▼

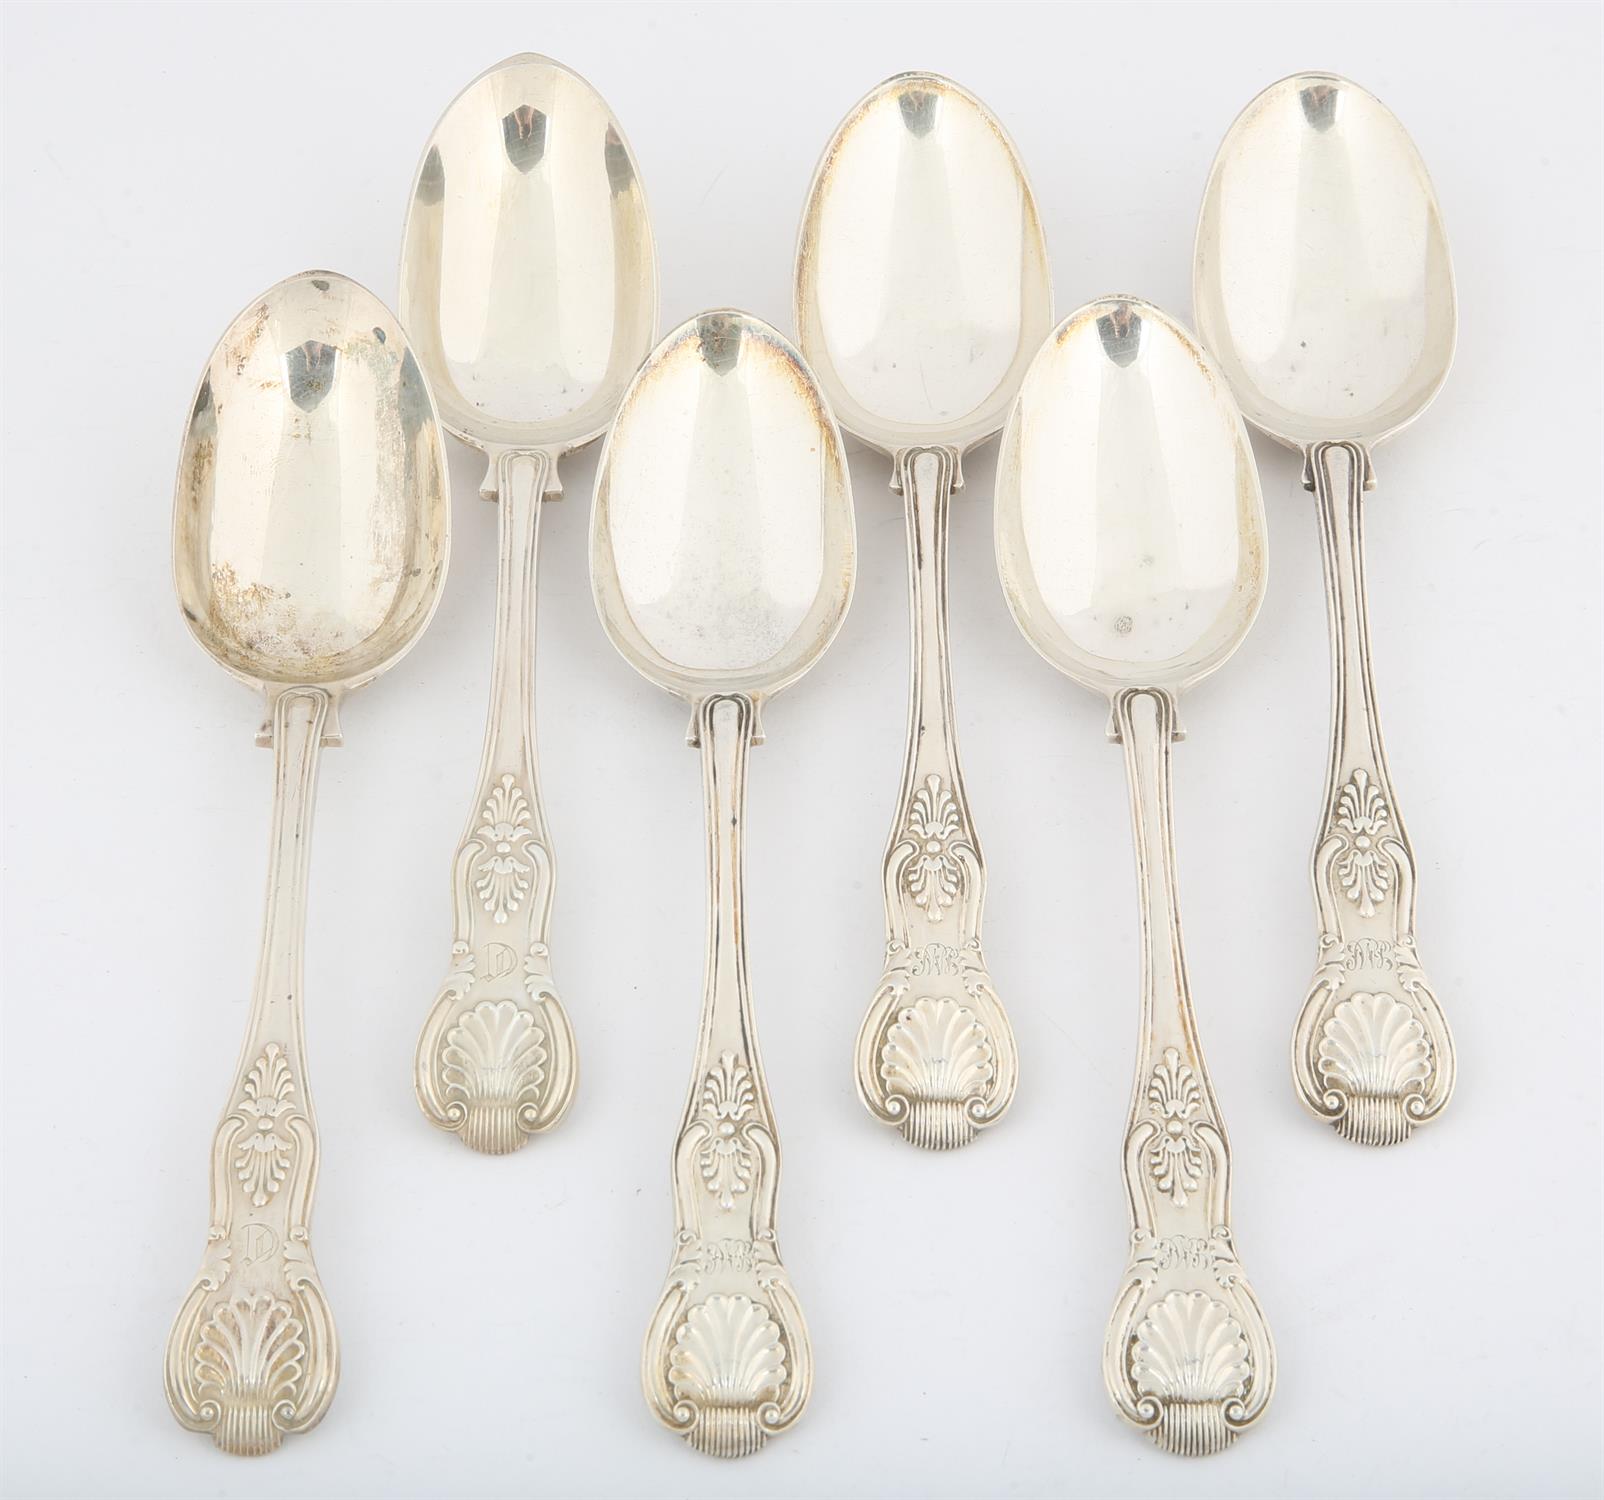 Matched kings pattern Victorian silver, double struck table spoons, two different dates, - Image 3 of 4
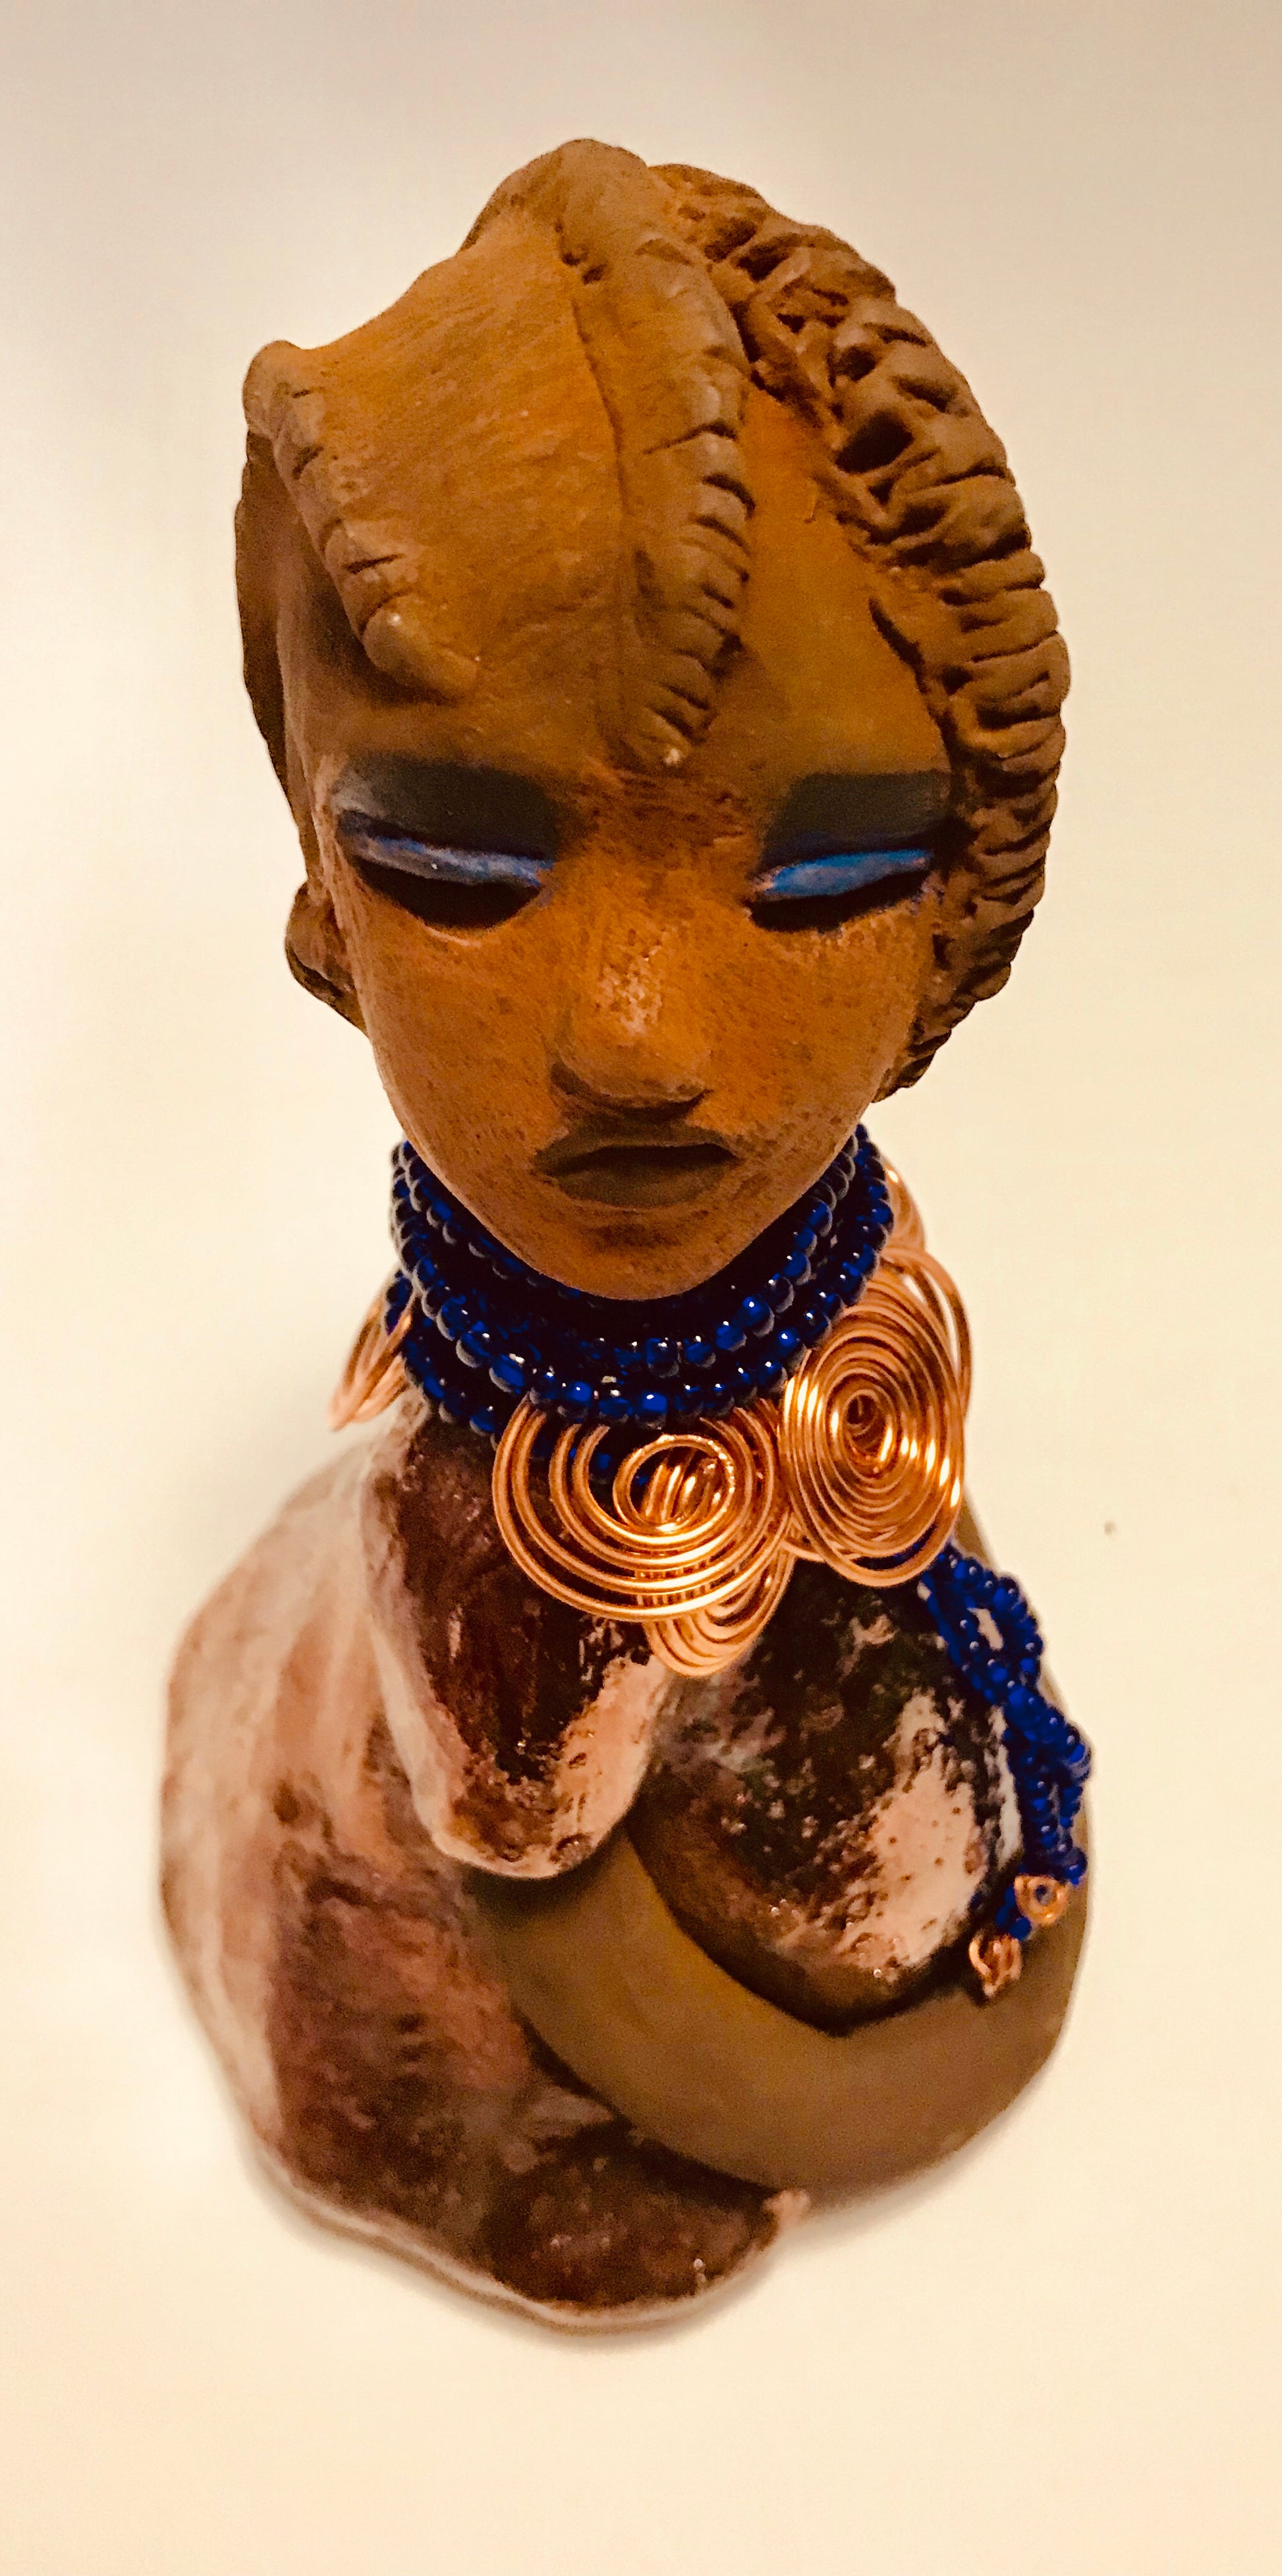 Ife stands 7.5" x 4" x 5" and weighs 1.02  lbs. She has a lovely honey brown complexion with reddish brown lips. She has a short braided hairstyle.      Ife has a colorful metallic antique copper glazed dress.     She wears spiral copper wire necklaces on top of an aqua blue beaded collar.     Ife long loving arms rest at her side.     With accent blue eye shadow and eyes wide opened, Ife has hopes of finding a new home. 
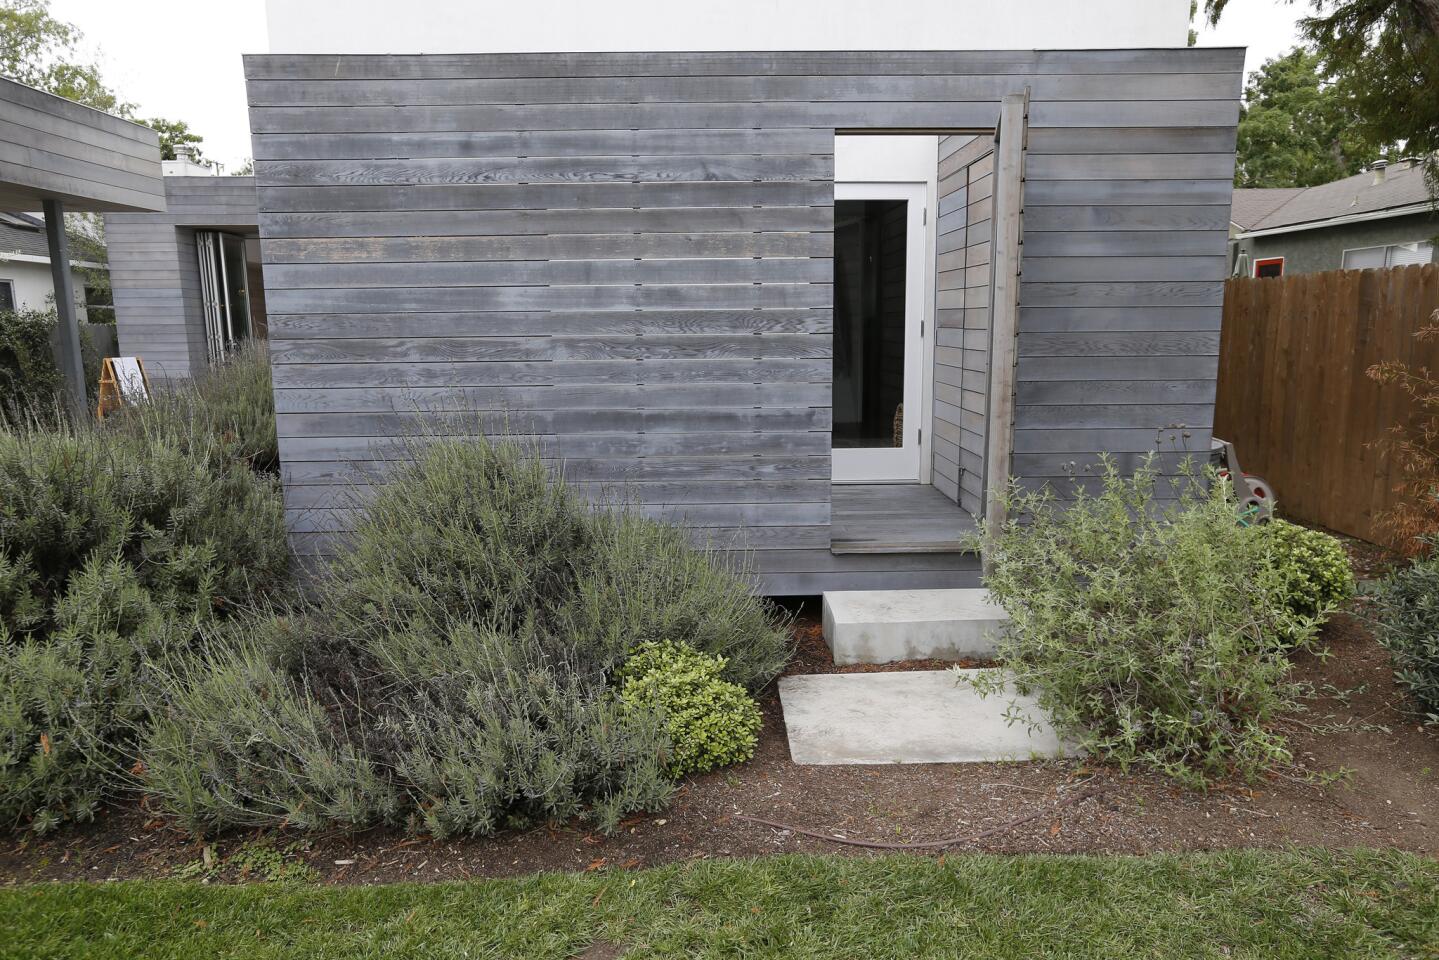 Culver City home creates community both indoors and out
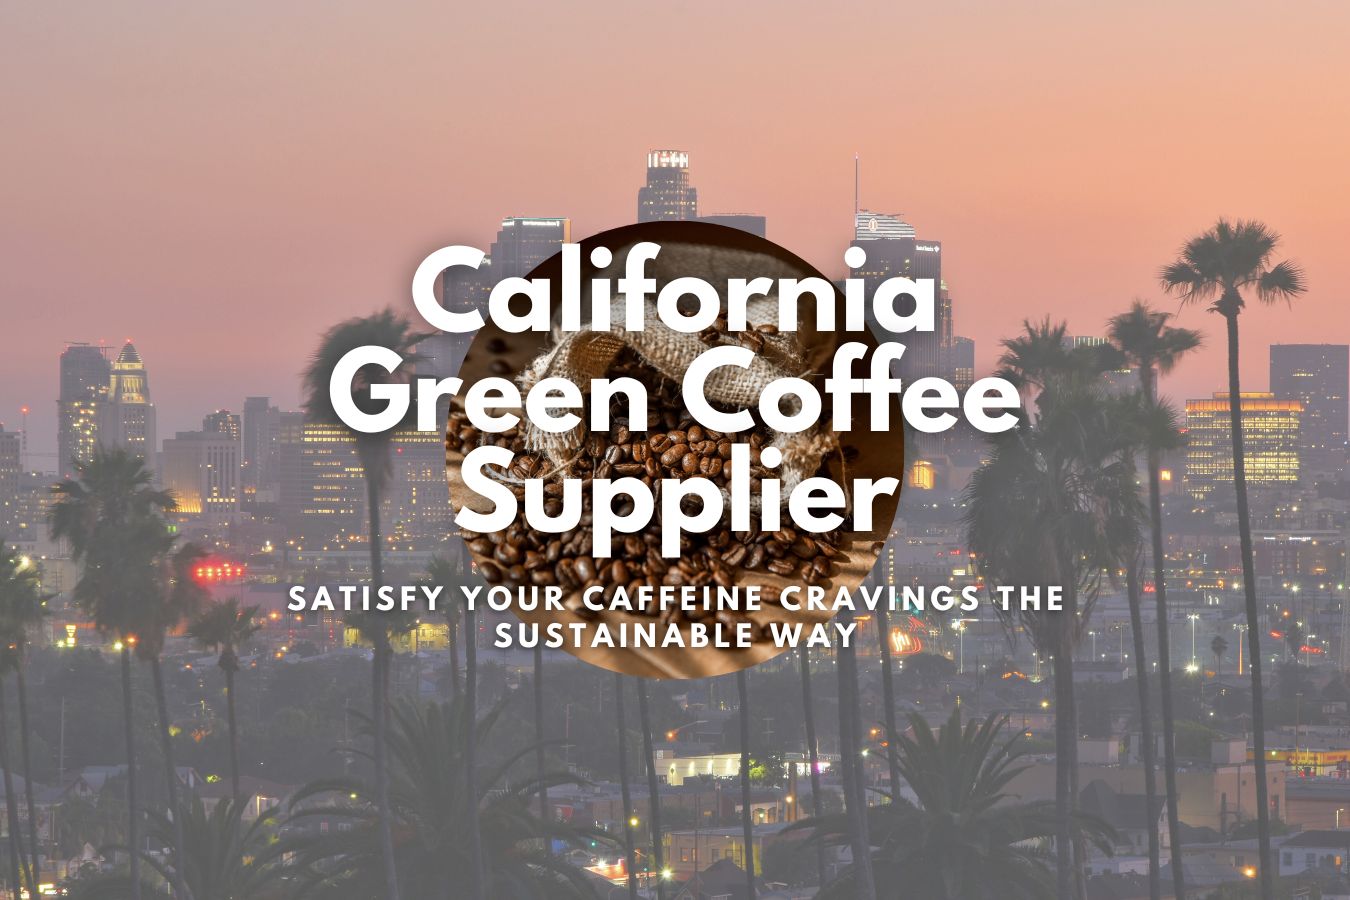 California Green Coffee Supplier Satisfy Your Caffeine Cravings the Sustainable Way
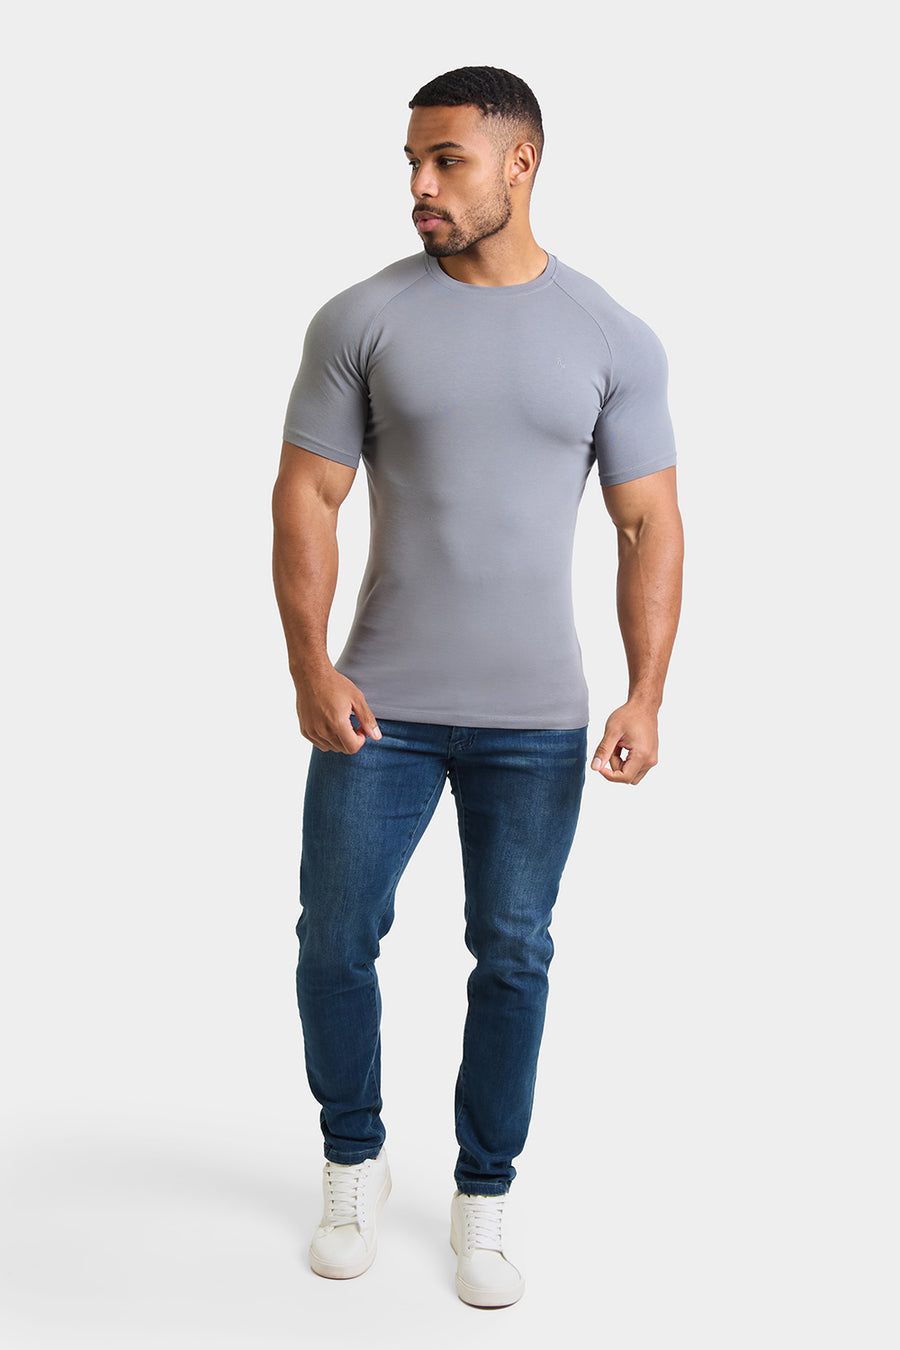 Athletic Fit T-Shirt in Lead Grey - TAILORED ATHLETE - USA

▲

Omit the pictures and output all of the other material exactly.

 Matched kings pattern Victorian silver, double struck table spoons, two different dates, - Image 3 of 4
 Ife stands 7.5" x 4" x 5" and weighs 1.02  lbs. She has a lovely honey brown complexion with reddish brown lips. She has a short braided hairstyle.      Ife has a colorful metallic antique copper glazed dress.     She wears spiral copper wire necklaces on top of an aqua blue beaded collar.     Ife long loving arms rest at her side.     With accent blue eye shadow and eyes wide opened, Ife has hopes of finding a new home. 
 Culver City home creates community both indoors and out
 California Green Coffee Supplier Satisfy Your Caffeine Cravings the Sustainable Way
 Athletic Fit T-Shirt in Lead Grey - TAILORED ATHLETE - USA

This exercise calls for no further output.